Course detail
Mathematical Methods in Fluid Dynamics
FSI-SMM-A Acad. year: 2021/2022 Winter semester
Basic physical laws of continuum mechanics: laws of conservation of mass, momentum and energy. Theoretical study of hyperbolic equations, particularly of Euler equations that describe the motion of inviscid compressible fluids. Numerical modelling based on the finite volume method and discontinuous Galerkin method. Discontinuous Galerkin method for viscous compressible flows. Numerical modelling of viscous incompressible flows: pressure-correction method SIMPLE.
Language of instruction
English
Number of ECTS credits
4
Supervisor
Department
Learning outcomes of the course unit
Students will be made familiar with basic principles of the fluid flow modelling: physical laws, the mathematical analysis of equations describing flows (Euler and Navier-Stokes equations), the choice of an appropriate method (which issues from the physical as well as from the mathematical essence of equations) and the computer implementation of proposed method (preprocessing = mesh generation, numerical solver, postprocessing = visualization of desired physical quantities). Students will demonstrate the acquinted knowledge by elaborating semester assignement.
Prerequisites
Evolution partial differential equations, functional analysis, numerical methods for partial differential equations.

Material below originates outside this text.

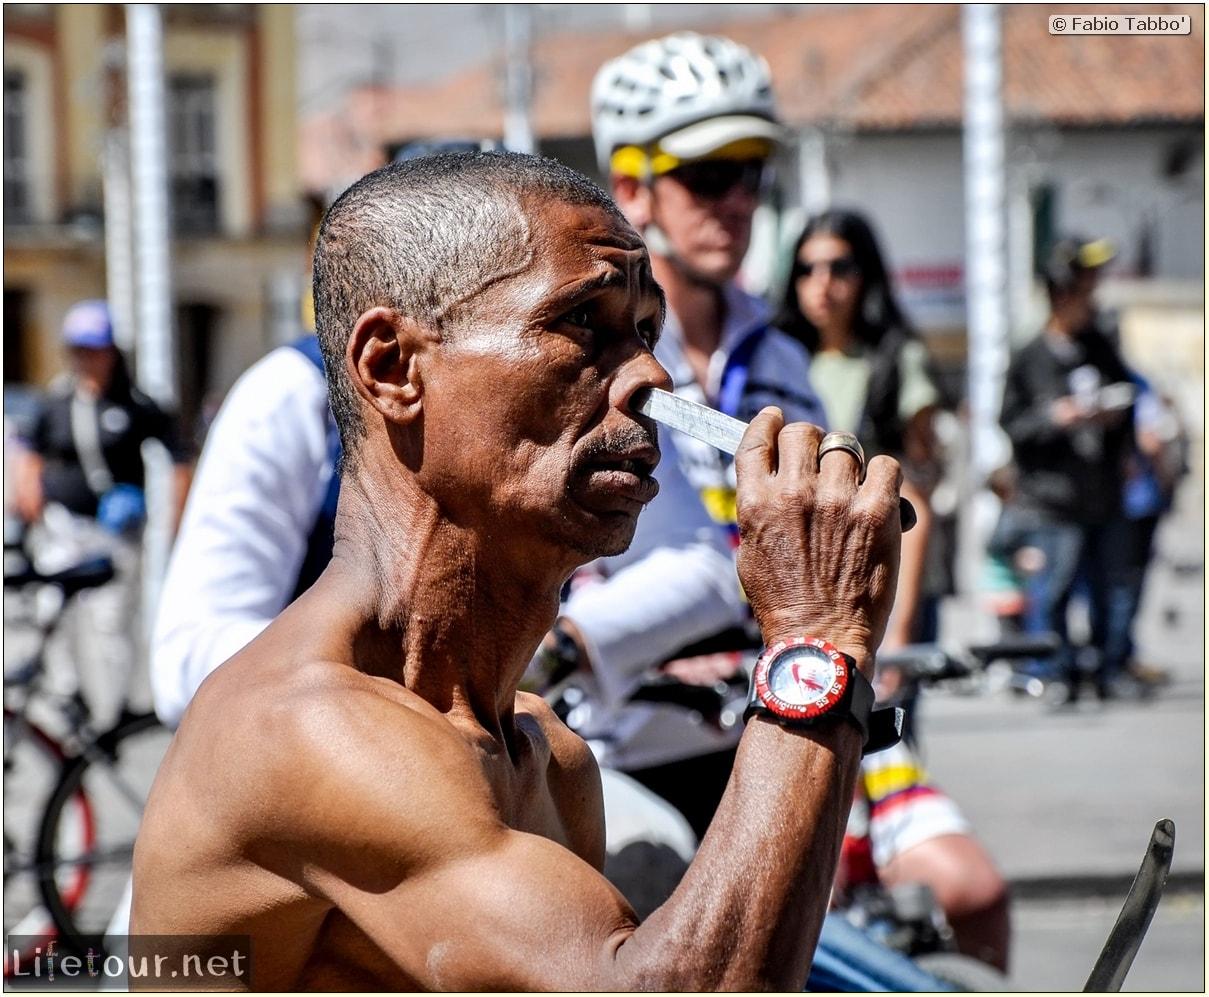 Fabio_s-LifeTour---Colombia-(2015-January-February)---Bogota_---Candelaria---Street-entertainment-in-Bogot…---4138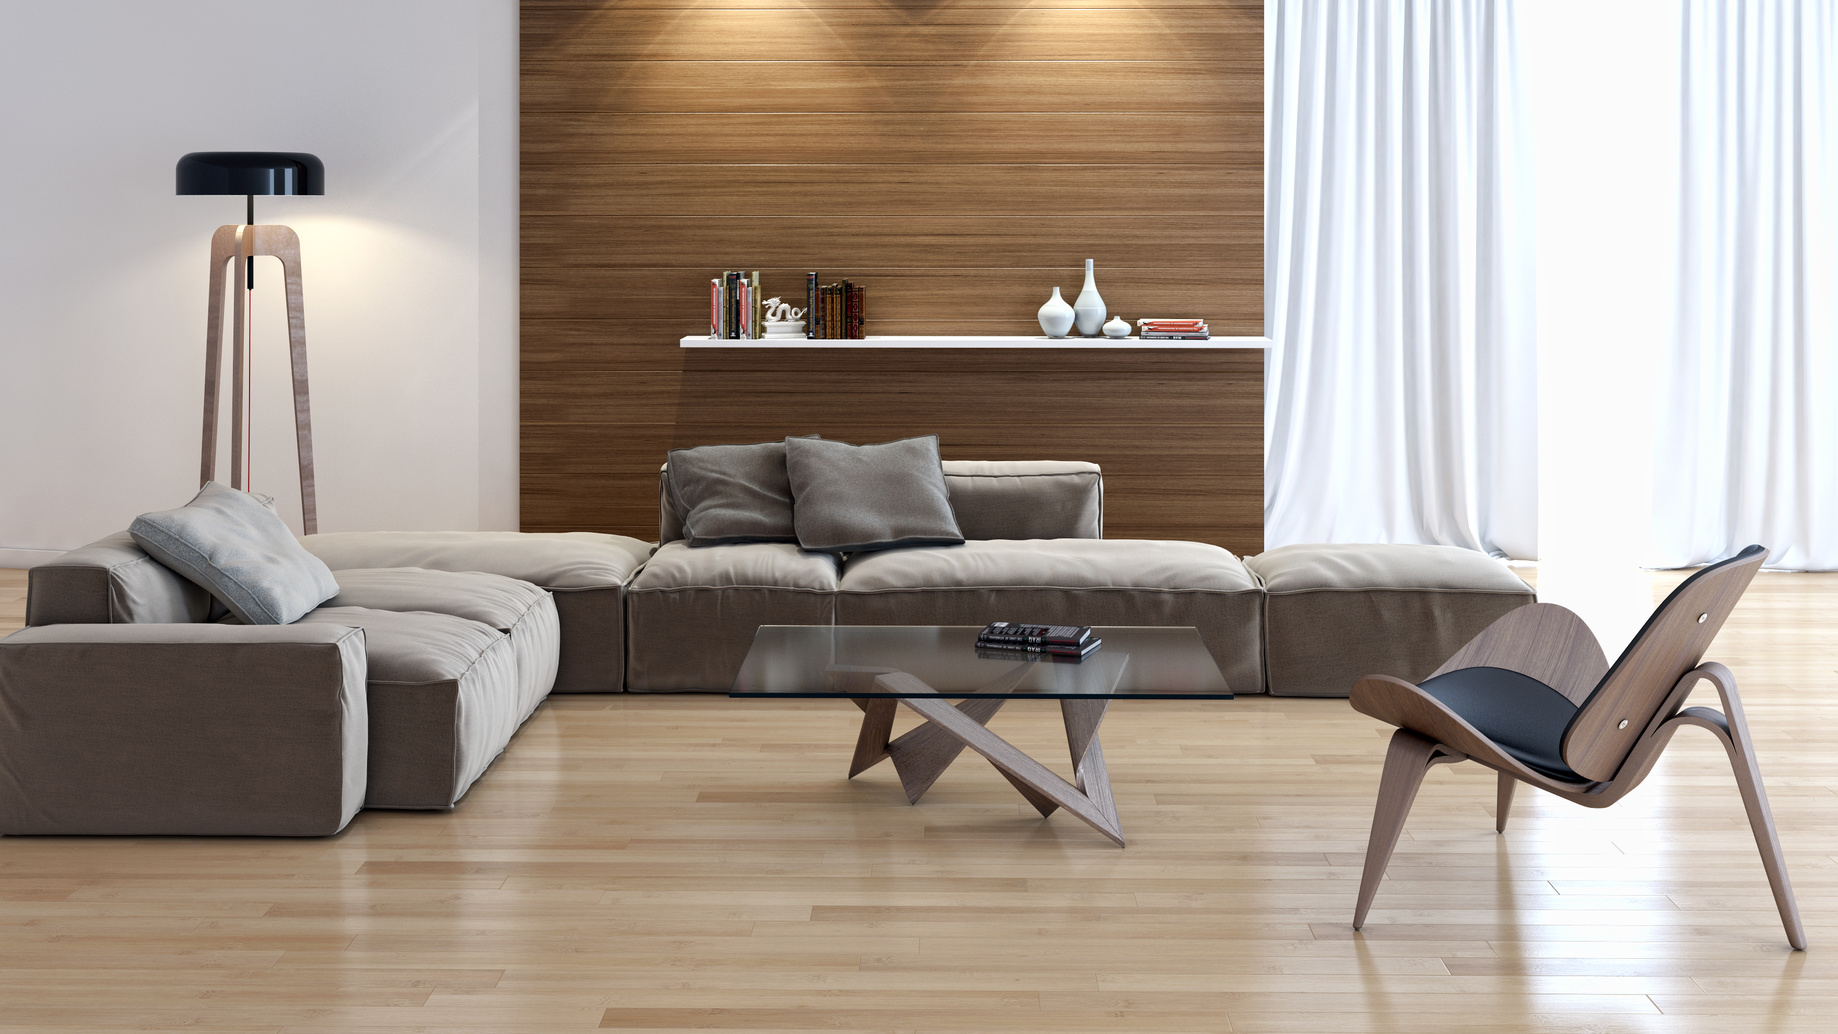 Aislamiento termico interior paredes latest imare - Aislamiento de paredes ...

Planned learning activities and teaching methods
The course is taught through lectures explaining the basic principles and theory of the discipline. Exercises are focused on practical topics presented in lectures.
Assesment methods and criteria linked to learning outcomes
CONDITIONS FOR OBTAINING THE COURSE-UNIT CREDIT: Active participation in seminars, taking part in a semester project (a protocol with conclusions has to be delivered to the teacher). Students can obtain up to 30 points from the seminars – they will be included in the final course classification.
EXAM: The exam is oral. The students can obtain up to 70 points from the exam.
FINAL ASSESSMENT: The final classicifation is based on the sum of the points obtained from both the seminars and exam.
CLASSIFICATION SCALE: A (excellent): 100-90, B (very good): 89-80, C (good): 79-70, D (satisfactory): 69-60, E (sufficient): 59-50, F (failed): 49-0.
Aims
The course is intended as an introduction to the computational fluid dynamics. In case of compressible flow, the finite volume method and the discontinuous Galerkin method are introduced, and in case of incompressible flows the pressure-correction method and the finite element method are described. Students ought to realize that only the knowledge of substantial physical and mathematical aspects of particular types of flows enables them to choose an effective numerical method and an appropriate software product. The development of individual semester assignement constitutes an important experience enabling to verify how the subject matter was managed.
Specification of controlled education, way of implementation and compensation for absences
Attendance at lectures is recommended, attendance at seminars is required. Lessons are planned according to the week schedules. Absence from lessons may be compensated by the agreement with the teacher supervising the seminars.
The study programmes with the given course
Programme N-MAI-A: Mathematical Engineering, Master's, compulsory
Programme M2A-A: Applied Sciences in Engineering, Master's
branch M-MAI: Mathematical Engineering, compulsory
Type of course unit
Lecture
26 hours, optionally
Teacher / Lecturer
Syllabus
1. Material derivative, transport theorem, laws of conservation of mass and momentum.
2. Law of conservation of energy, constitutive relations, thermodynamic state equations.
3. Navier-Stokes and Euler equations, initial and boundary conditions.
4. Traffic flow equation, acoustic equations, shallow water equations.
5. Hyperbolic system, classical and week solution, discontinuities.
6. The Riemann problem in linear and nonlinear case, wave types.
7. Finite volume method, numerical flux, local error, stability, convergence.
8. The Godunov's method.
9. Flux vector splitting methods: Vijayasundaram, Steger-Warming, Van Leer, Roe.
10. Boundary conditions, secon order methods.
11. Discontinuous Galerkin method for compressible inviscid flow: introduction to DGM, discretization of 2D Euler equations.
12. Finite volume method for viscous incompressible flows: the SIMPLE algorithm on a rectangular mesh.
13. Finite volume method for viscous incompressible flows: the SIMPLE algorithm for an unstructured mesh.
Computer-assisted exercise
13 hours, compulsory
Teacher / Lecturer
Syllabus
Demonstration of solutions of selected model tasks on computers. Elaboration of the semester assignment.